You hear the car horn and run downstairs and throw on your red bomber jacket and get in the car. Your friends mother tells you how nice you smell. You blush. Your friend says something about hockey practice. When his Mom drops you off she tells you to keep warm because it's late October and it really is starting to get cold. You go into the rink and it's the usual. Round and round in circles to songs like "I'm Turning Japanese" and "Heart of Glass".
That girl you were thinking about isn't there. There are other girls, equally as interested...but your heart was set on her. Finally, after the hundredth circuit, your friend gets bored and whispers to ask if you want to go behind the building and smoke a joint. Why not?
When you get out there, it's almost too cold to smoke, but you can clearly smell your cologne, almost as strong as when you put it on and somehow even better smelling in the cold air. Your best friend lights the joint and suggests that he shot-gun it to you. You nod. He inhales and you both move in until your faces are almost touching... The next thing you know his lips are on yours. You're full on making out. Your best friend is telling you how awesome you smell and it's like the world has turned upside down in three seconds. Is it your Pierre Cardin? Maybe not...but so much for that girl.

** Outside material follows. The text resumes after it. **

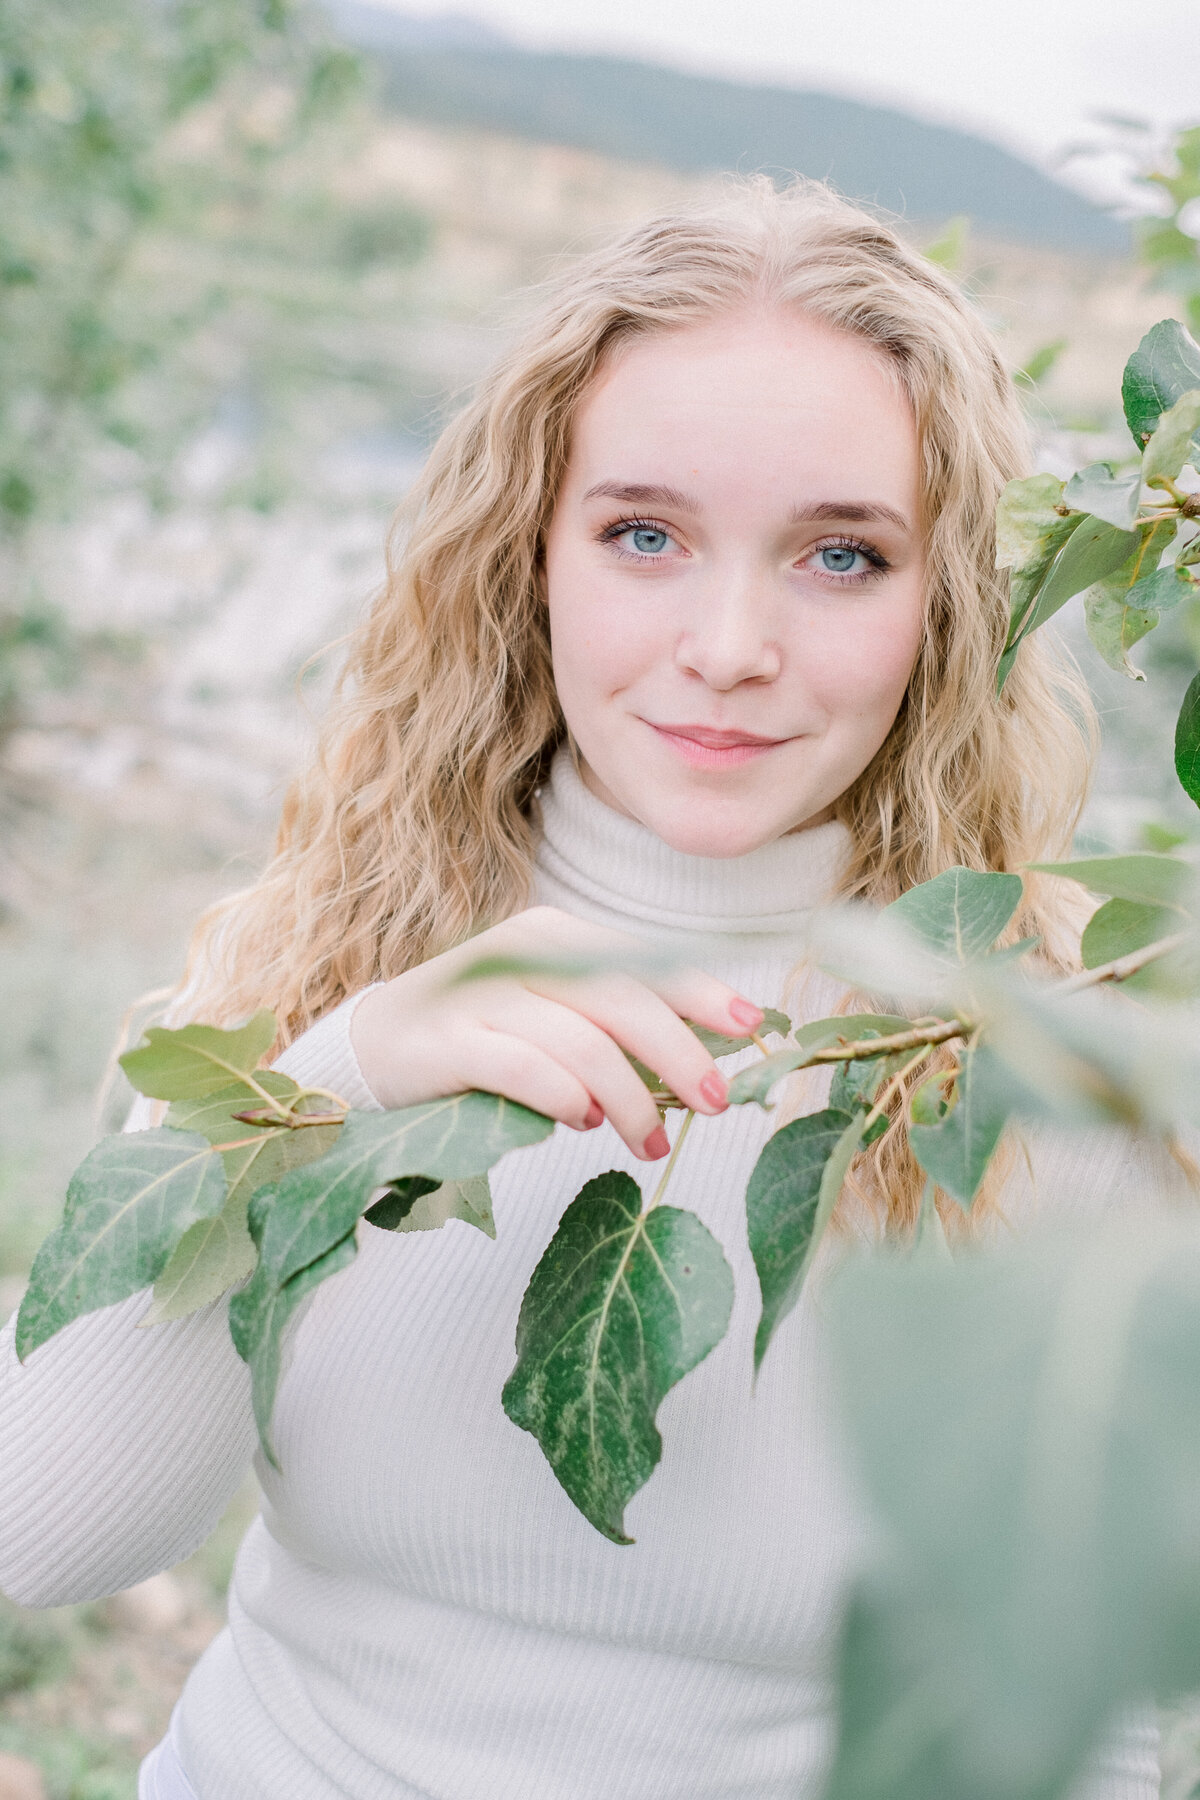 high school senior holding leaves while looking at the camera - taken by spokane senior photographer

One of the best value fragrances money can buy. Completely refined.
I know this is a cheap cologne, but I've always loved it and think it's very sexy. My husband refuses to wear anything that isn't over $50 a bottle (much to my dismay. Don't be afraid to try it guys - women will follow you around if you do.
This reminds me of college. The first people I knew to use this cologne were some gay aquaintances of mine, so because of my homophobia, I avoided this "gay" scent, even though I liked it. When I finally "came out" years later, I bought some. It's a strong, unique fragrance, not for everyday use.